- Second baseman
- Born: December 26, 1919 Detroit, Michigan, U.S.
- Died: June 15, 1999 (aged 79) Barefoot Bay, Florida, U.S.
- Batted: RightThrew: Right

MLB debut
- April 25, 1950, for the Philadelphia Athletics

Last MLB appearance
- May 7, 1950, for the Philadelphia Athletics

MLB statistics
- Batting average: .125
- Home runs: 0
- Runs batted in: 0
- Stats at Baseball Reference

Teams
- Philadelphia Athletics (1950);

= Gene Markland =

American baseball player (1919-1999)

Cleneth Eugene Markland (December 26, 1919 – June 15, 1999) was an American Major League Baseball infielder. Nicknamed "Mousey", he appeared in five games for the Philadelphia Athletics during the outset of the season, but had a nine-year, 1,169-game career in minor league baseball. The native of Detroit, Michigan, stood 5 ft 10 in tall and weighed 160 lb. He threw and batted right-handed.

Markland's pro career began in 1939 in his hometown Detroit Tigers' organization, but his career was interrupted by four full years of United States Army service during World War II. He returned to baseball in 1946 and, after a stellar 1949 season with the Triple-A Buffalo Bisons—he hit 25 home runs, batted .305, had 95 runs batted in, and was selected as the third baseman on the International League All-Star Team—Markland received his only Major League trial with the 1950 Athletics.

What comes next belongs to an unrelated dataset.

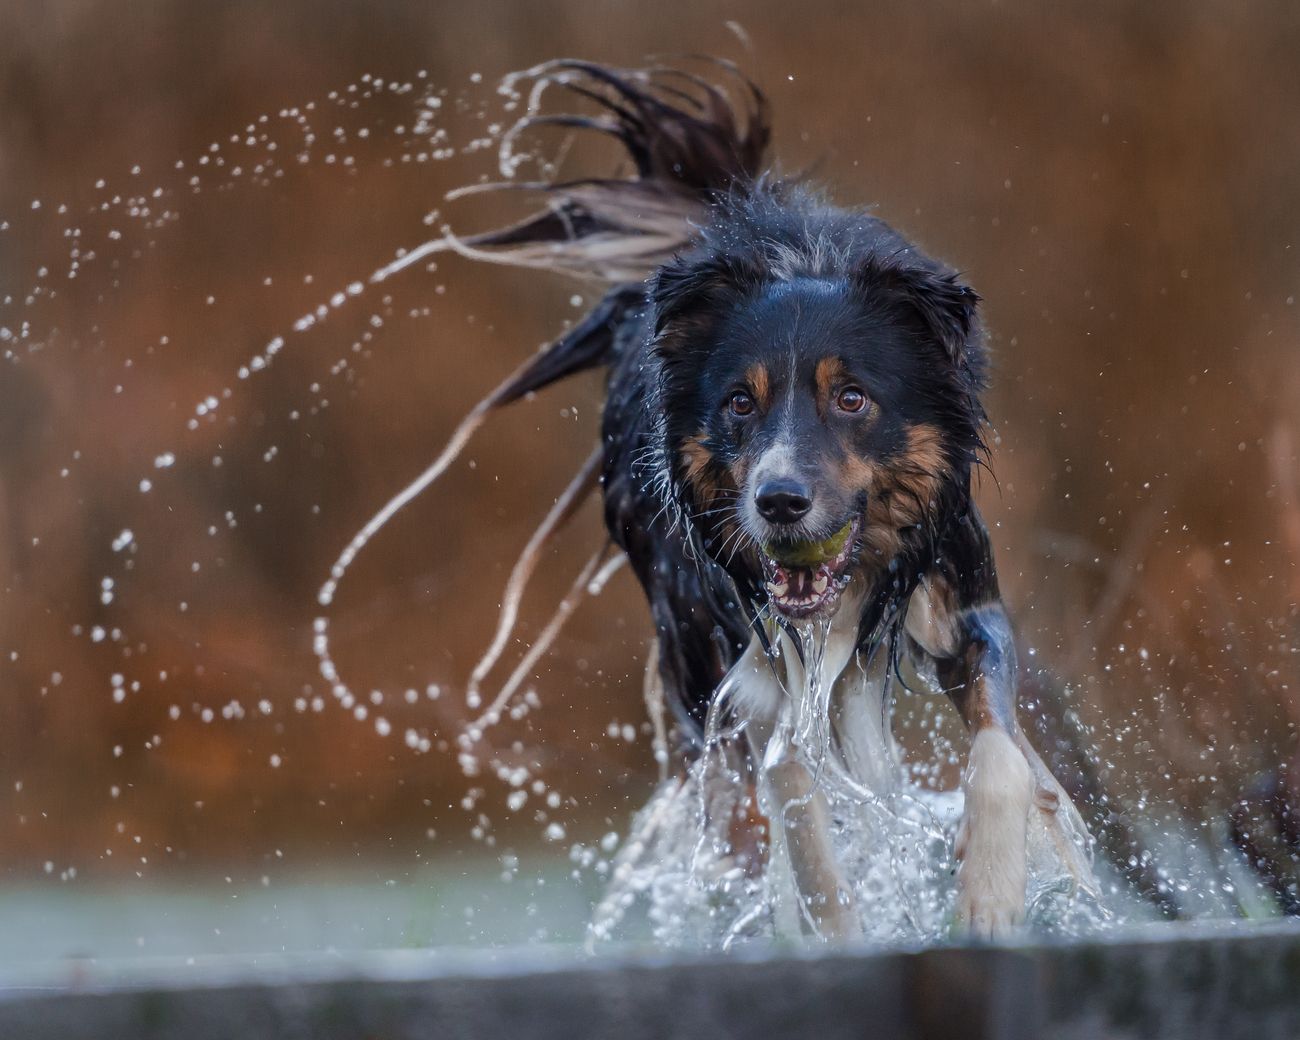 Dogs In Action Photo Contest Winners

A rookie at age 30, he made his debut April 25 as a late-inning replacement for second baseman Kermit Wahl, and singled in his first big-league at bat against Vic Raschi of the New York Yankees. He appeared in four more games for the A's, starting three of them at second base, but collected no more hits, although he notched three bases on balls and scored two runs.

He then returned to the minor leagues for the rest of 1950 and all of 1951 before leaving the game.